WHAT THE TASK ASKS | Retype the listing exactly, minus its pictures.

DATA SEGMENT |

▬▬▬▬▬▬▬▬▬▬

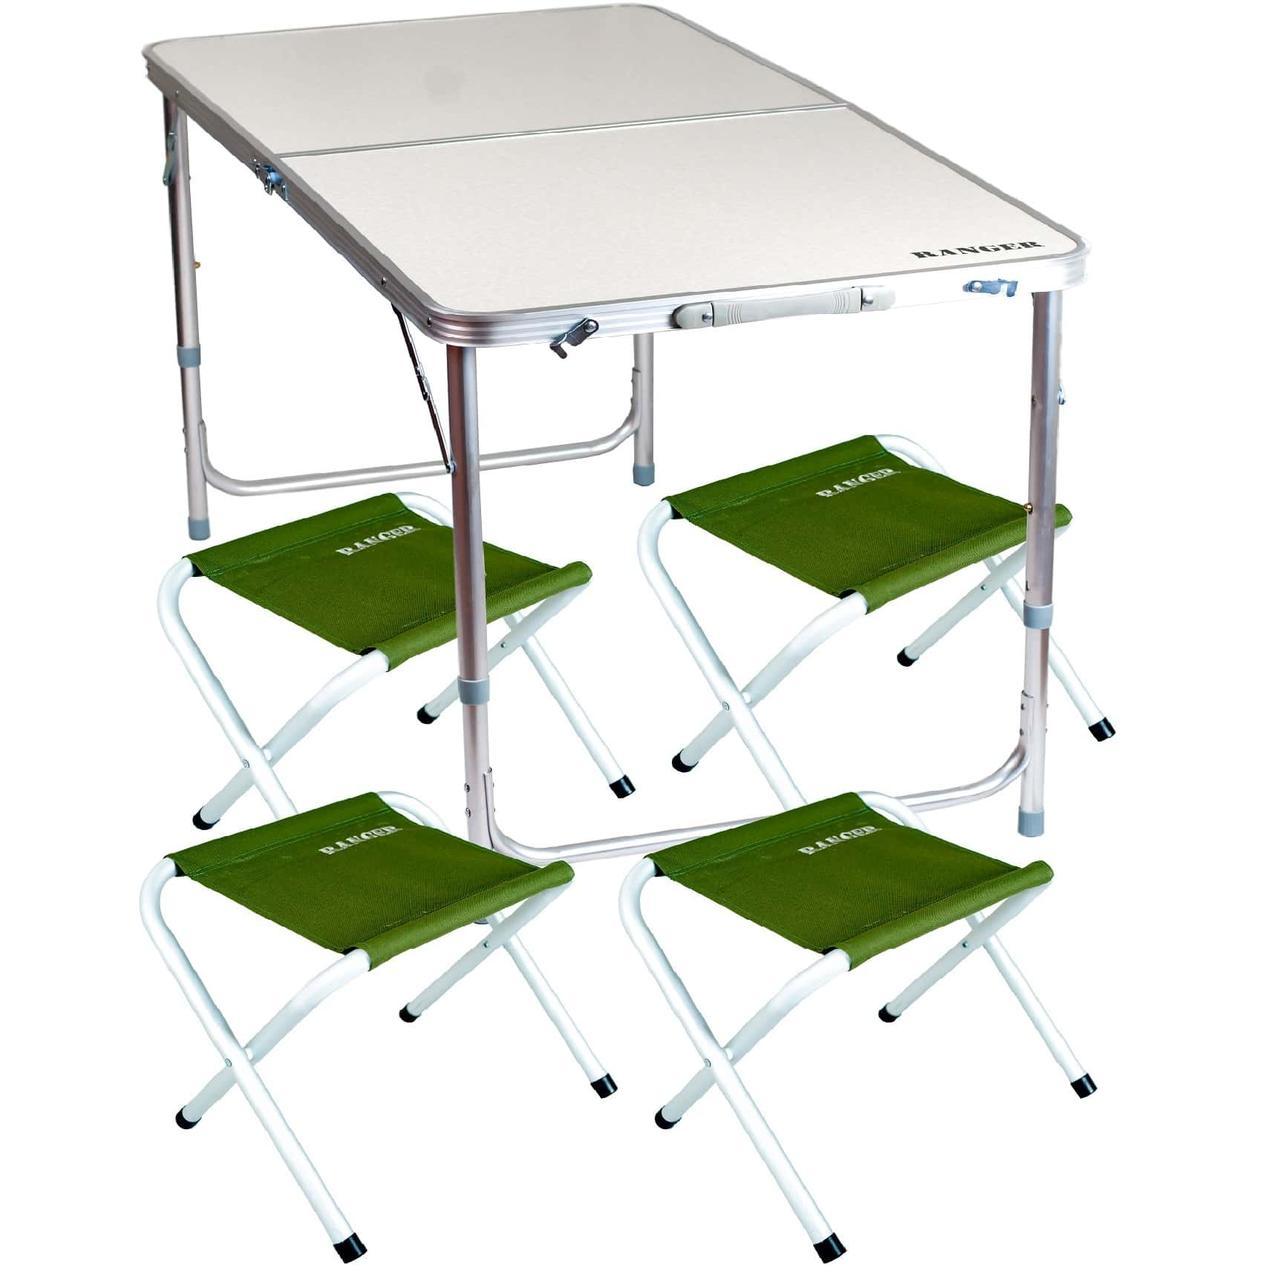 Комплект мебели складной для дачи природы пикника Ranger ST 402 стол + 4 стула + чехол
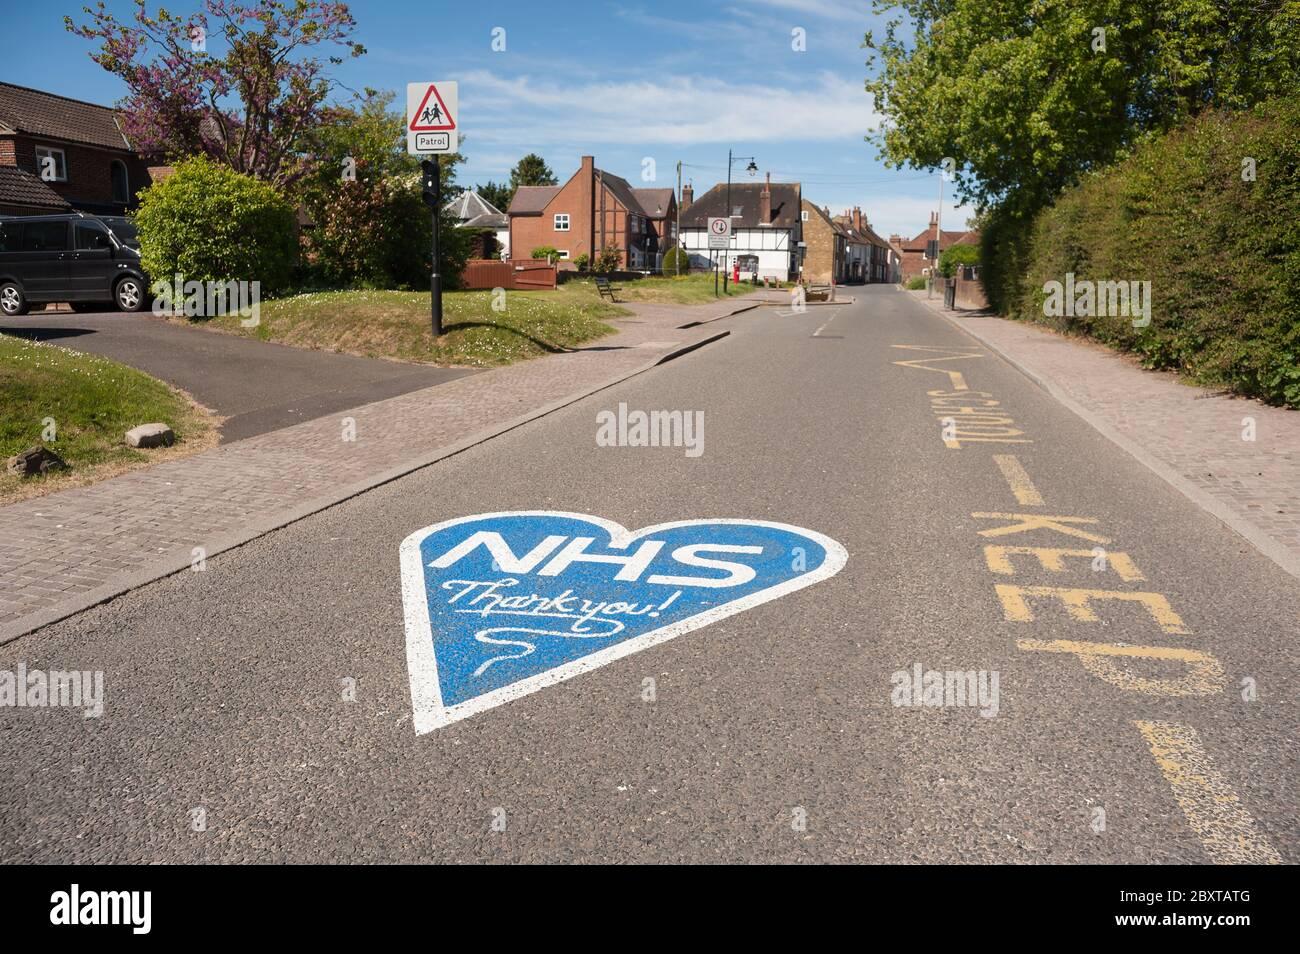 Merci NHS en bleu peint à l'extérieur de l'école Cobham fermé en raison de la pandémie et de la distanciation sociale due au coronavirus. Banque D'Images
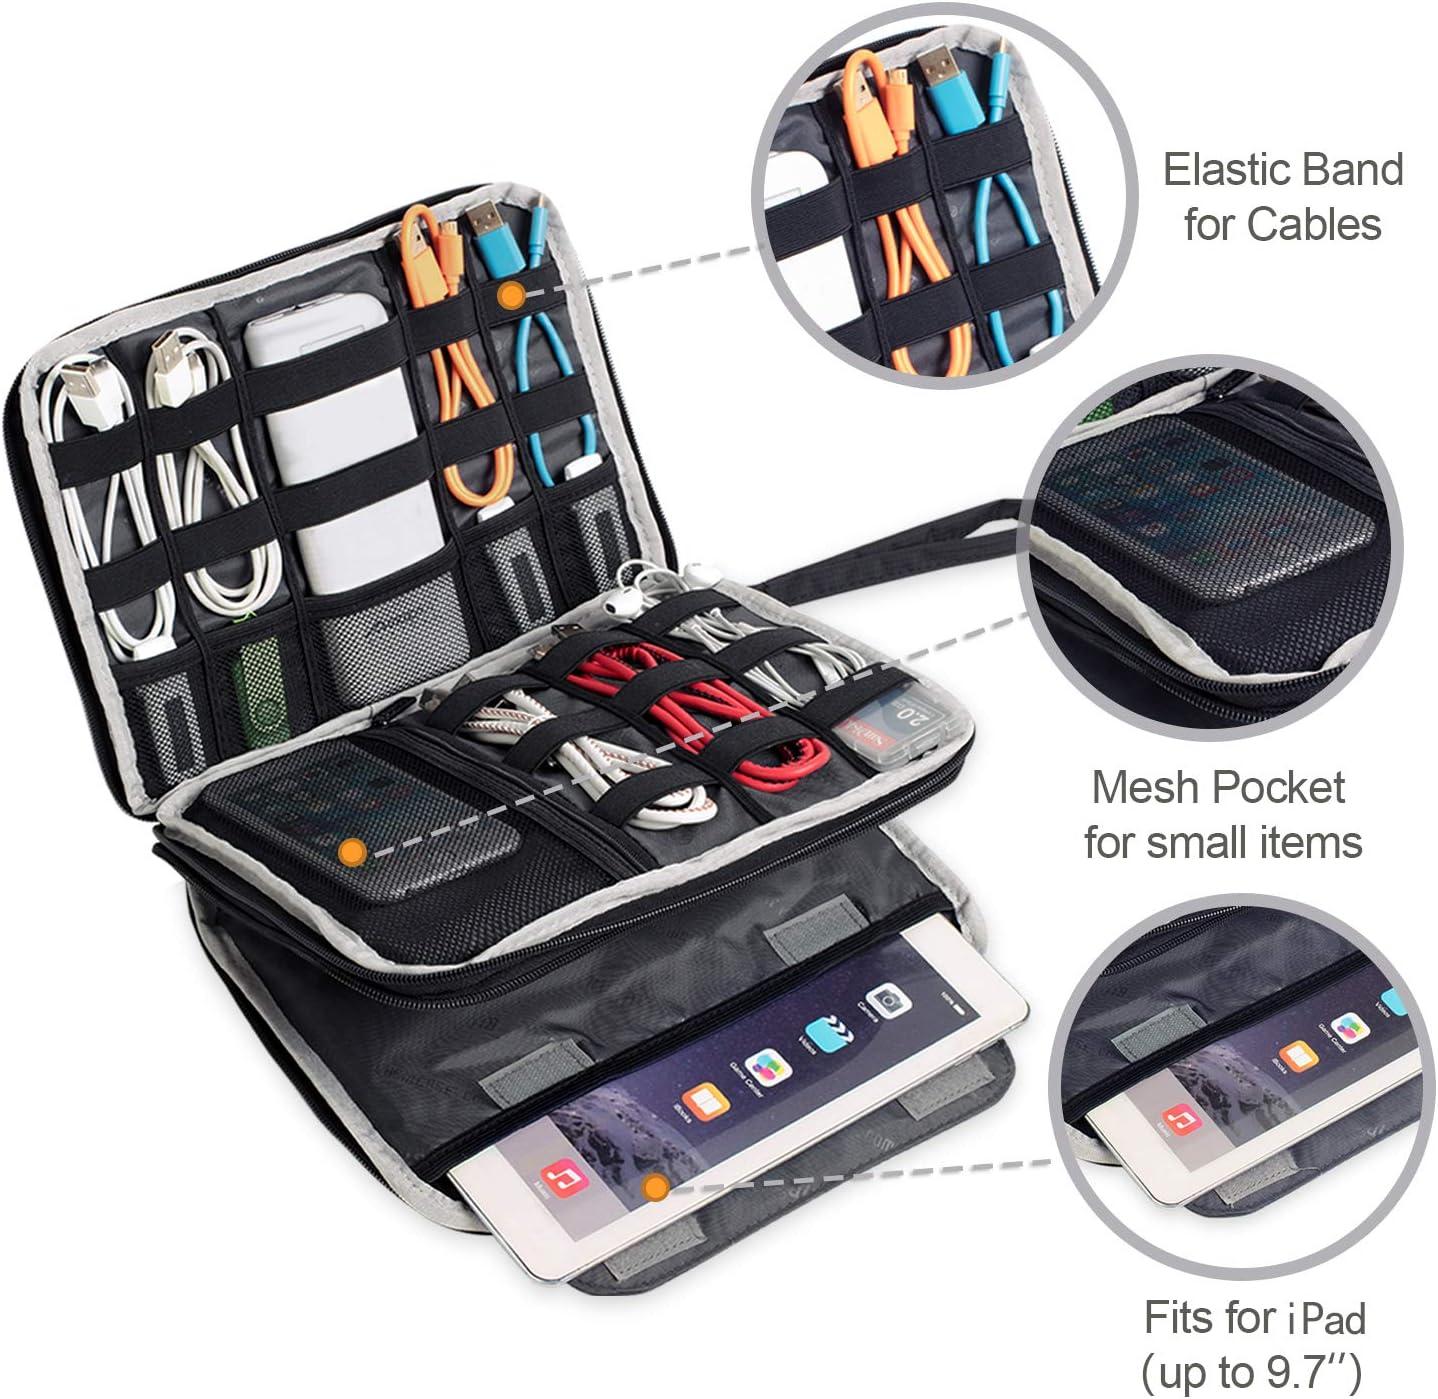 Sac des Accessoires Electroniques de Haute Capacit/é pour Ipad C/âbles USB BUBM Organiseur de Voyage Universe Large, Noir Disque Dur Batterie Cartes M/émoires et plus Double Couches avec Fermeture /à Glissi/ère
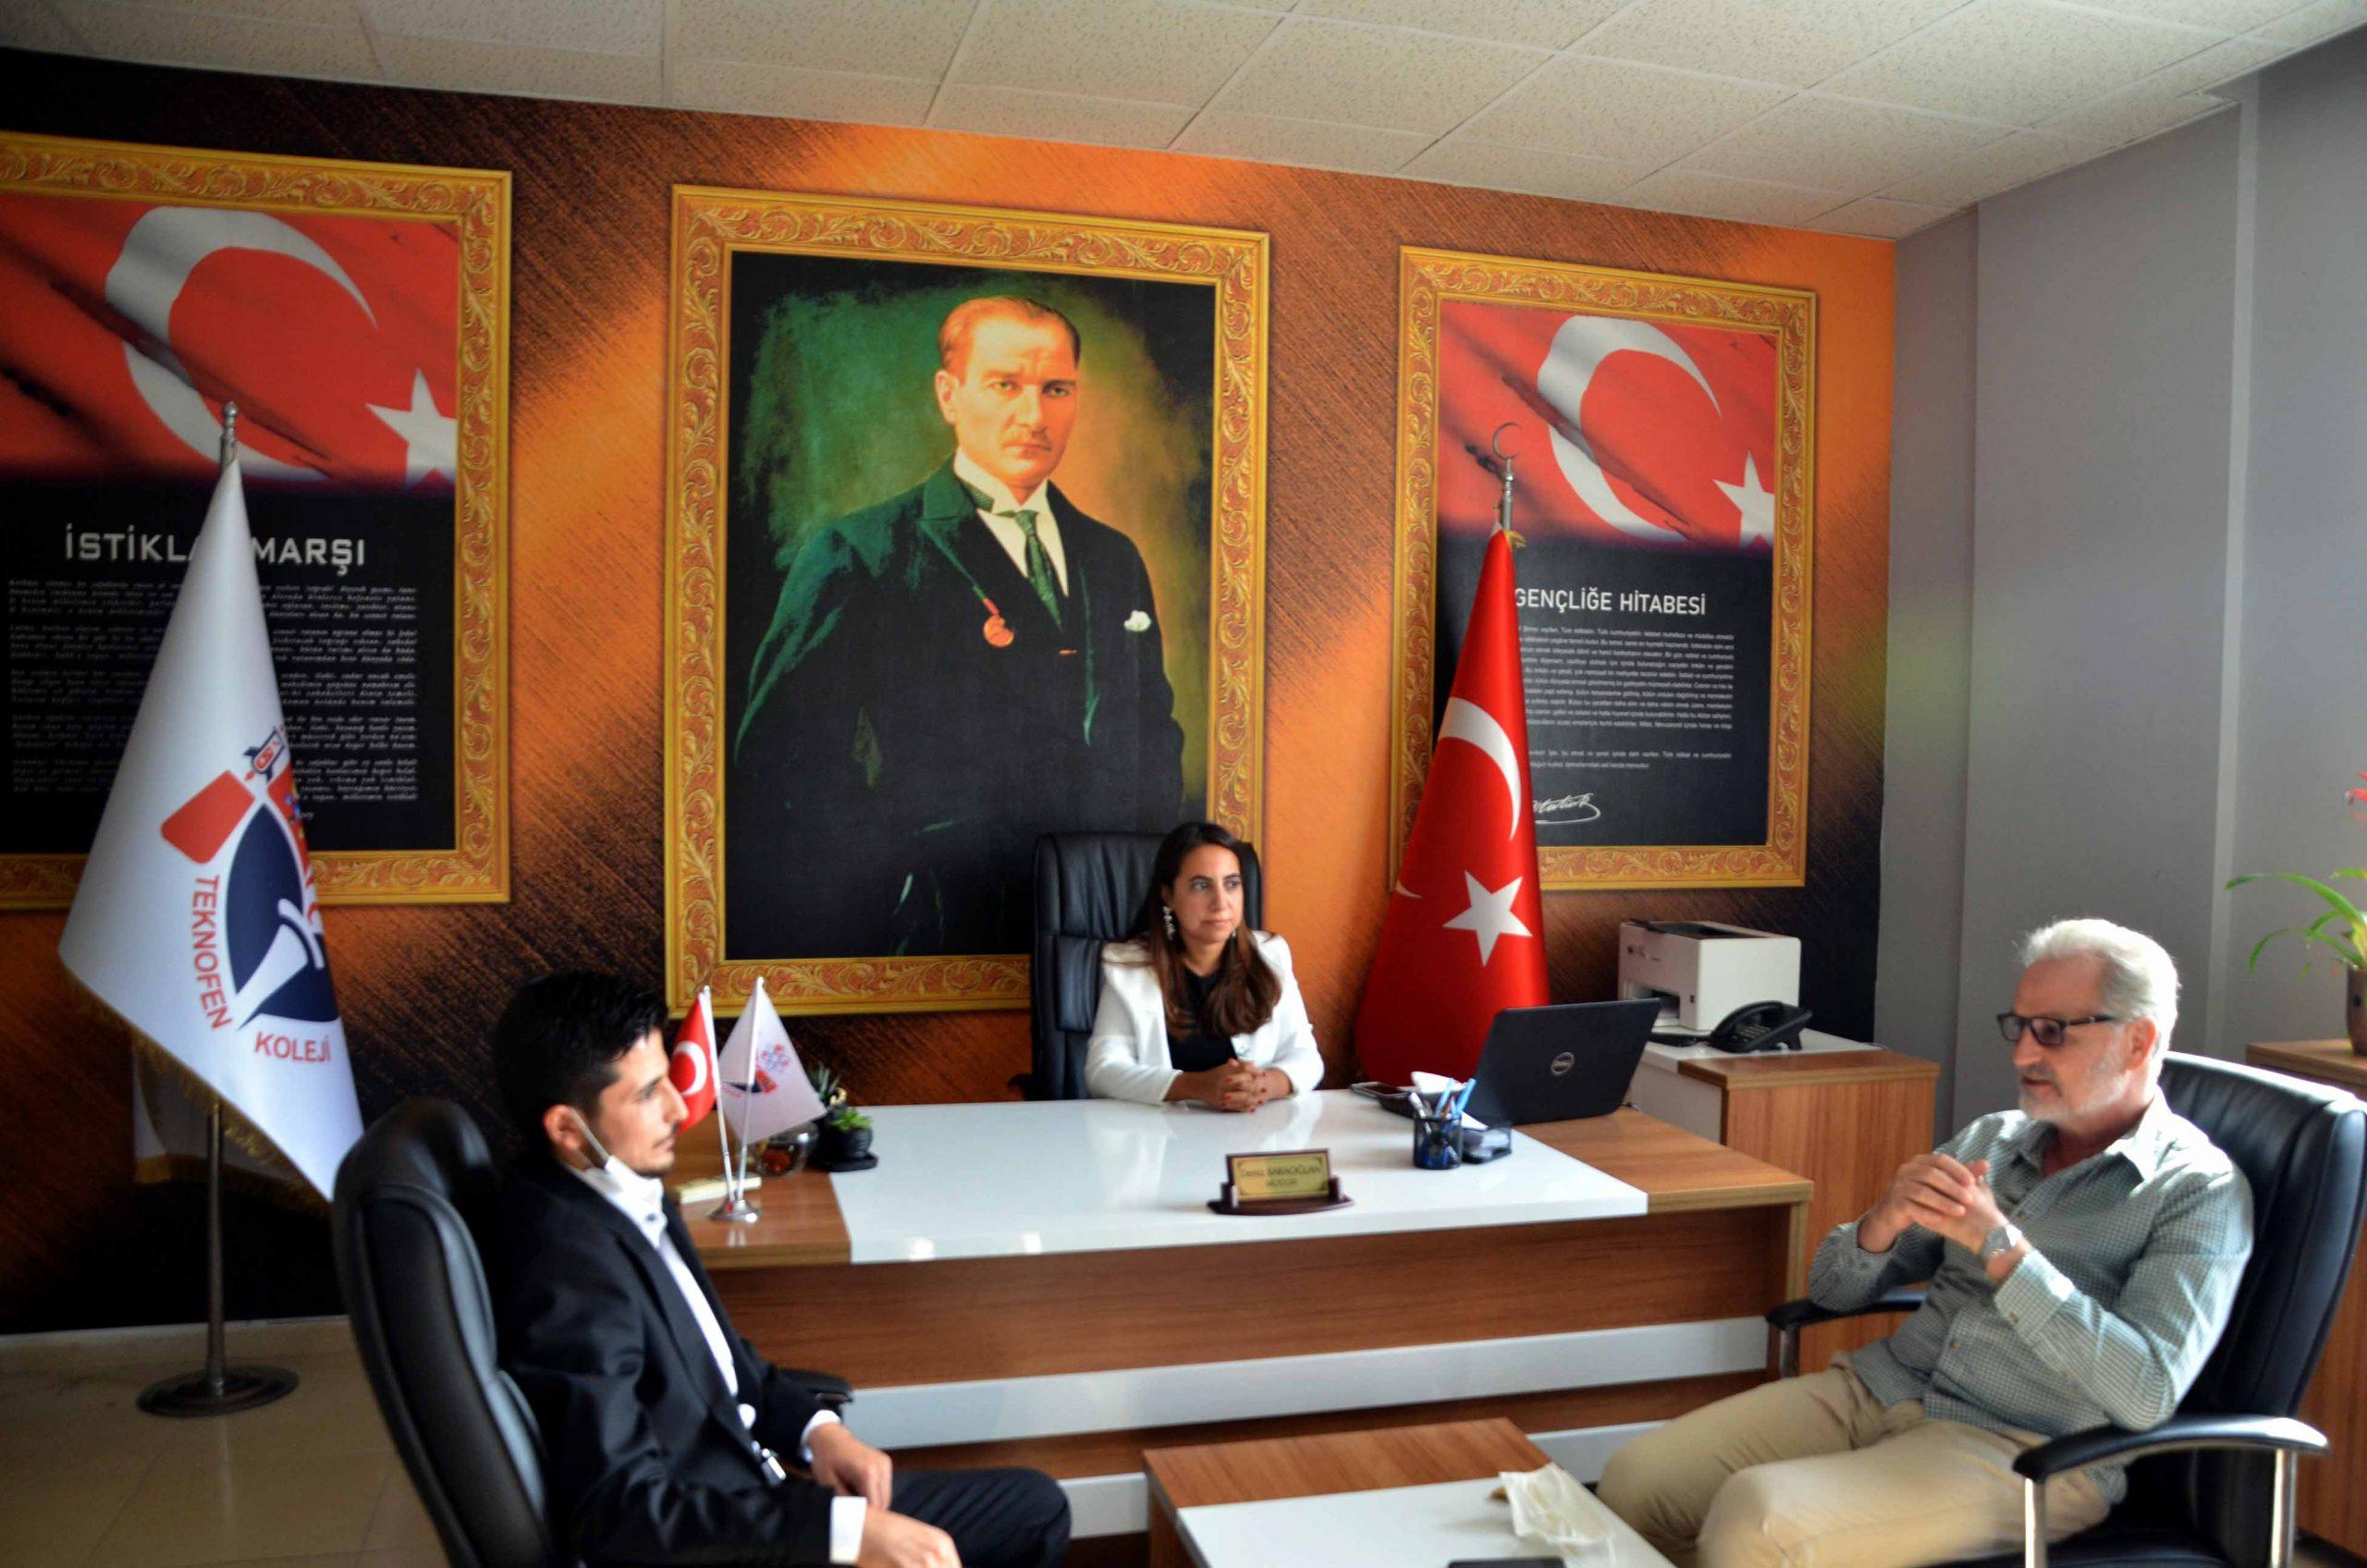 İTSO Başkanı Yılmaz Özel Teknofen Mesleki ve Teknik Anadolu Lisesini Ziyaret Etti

▬▬▬▬▬▬▬▬▬▬

RESULT OF THIS TASK |
 Комплект мебели складной для дачи природы пикника Ranger ST 402 стол + 4 стула + чехол
 Merci NHS en bleu peint à l'extérieur de l'école Cobham fermé en raison de la pandémie et de la distanciation sociale due au coronavirus. Banque D'Images
 Sac des Accessoires Electroniques de Haute Capacit/é pour Ipad C/âbles USB BUBM Organiseur de Voyage Universe Large, Noir Disque Dur Batterie Cartes M/émoires et plus Double Couches avec Fermeture /à Glissi/ère
 İTSO Başkanı Yılmaz Özel Teknofen Mesleki ve Teknik Anadolu Lisesini Ziyaret Etti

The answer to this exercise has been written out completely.